Weight gain with dolutegravir-based ART in Nigerian cohort
Polly Clayden, HIV i-Base
ART-experienced adult participants, experiencing side effects or showing signs of contraindications with NNRTIs, who switched to tenofovir disoproxil fumarate/lamivudine/dolutegravir ( TDF/3TC/DTG; TLD), at three pilot sites in Nigeria were enrolled – starting July 2017. Those who completed 24 months of treatment with TLD by end of March 2020 were included in the analysis.
The study was originally designed to evaluate the acceptability (including side effects) of TLD among early adopters at 2, 6 and 12 months from time of switch. Acceptability of the new regimen was very high: 100% of participants said that they preferred TLD to their previous ART. Increase in appetite was reported more frequently than other side effects in the survey at: 2 months, 20%; 6 months, 19%; and 12 months, 15%.
This reported change in appetite (presumably plus reports of weight gain with DTG elsewhere) led the investigators to continue follow up of the participants beyond the original acceptability study and analyse weight gain more closely.
They looked at weight and BMI changes 6-monthly up to 24 months since switch, using generalised, estimated equations, adjusted for gender, age, baseline weight and facility clustering.
There were 271 participants in the acceptability study. Of these, 206 (76%) were ART-experienced and had weight and BMI data at baseline and at least one other time point.
Sixty-four per cent, were women, median age 47 years, 62% had a normal baseline BMI (median 22.9 kg/m2) and median weight of 61.7 kg; only 38 (23%) and 12 (7%) were overweight and obese at baseline. The majority (95%, n=130) were virally suppressed time of switch.
Overall there was a steady increase in the proportion of participants that gained 10% of baseline weight since switching, this proportion increased from 28% to 31% between 18 and 24 months, with a levelling off at 24 months. (All comparisons between time points p<0.01)
For participants with normal BMI at baseline there was a statistically significant increase in per cent of weight at 6, 12 and 18 months, followed by a decrease between 18 and 24 months. (All comparisons p<0.01)

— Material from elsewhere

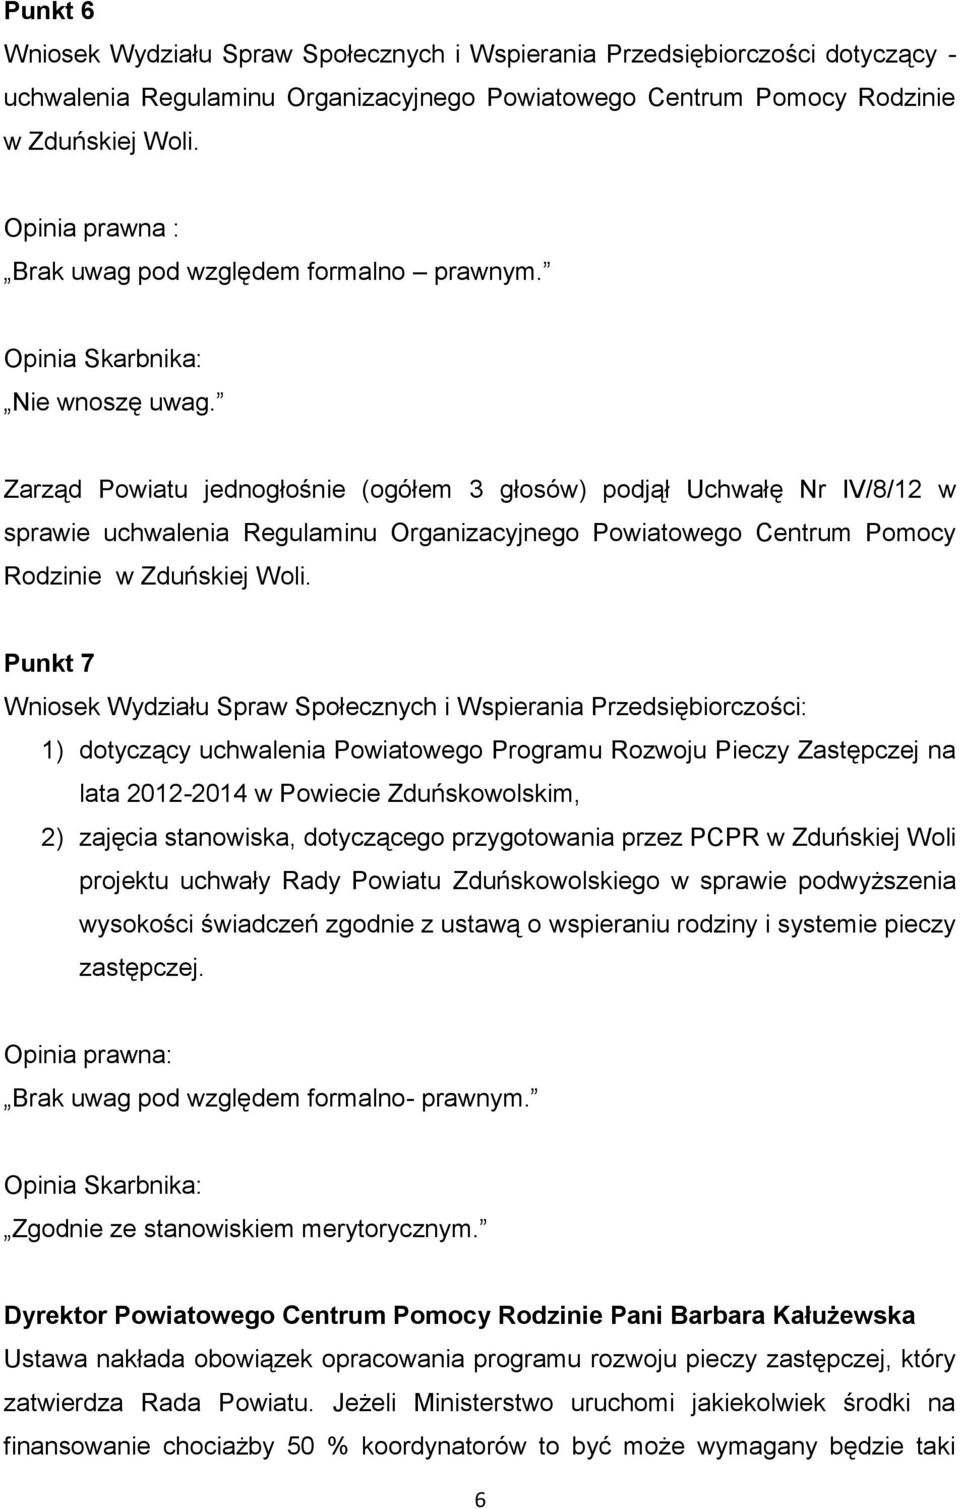 Zarząd Powiatu jednogłośnie (ogółem 3 głosów) podjął Uchwałę Nr IV/8/12 w sprawie uchwalenia Regulaminu Organizacyjnego Powiatowego Centrum Pomocy Rodzinie w Zduńskiej Woli.

Among overweight/obese participants there was no statistically significant increase until 18 months and then the proportion with weight gain started to increase. But this was a very small sample size.
Adjusted analyses did not find women more likely to have 10% or more weight gain (OR very close to 1). Younger participants (25 to <45 years) and older (55+ years) were more likely to have 10% or more weight gain compared to the 45 to <55 years age group.
There were many limitations to this study, which were listed at the end of the presentation.
It was not a controlled trial nor was it initially designed to look at weight change, so it was underpowered to do so. There was also a lot of missing data and no consistency as to exactly how weight was measured – time of day, clothing etc.
The investigators also noted that not all participants (82%) had weights consistently documented, so there is potential for bias where weight is recorded in people who report weight change.
So although these findings are in some ways quite similar to that in other African studies, both large RCTs with week 96 data (ADVANCE and NAMSAL) do not report a levelling off and do find weight gain more likely among women.
Campbell J et al. Weight gain plateaus at 24-months follow-up for ART-experienced patients that switched to dolutegravir in a Nigerian early adopter cohort. HIV Glasgow – virtual. 5–8 October 2020. Oral abstract O112.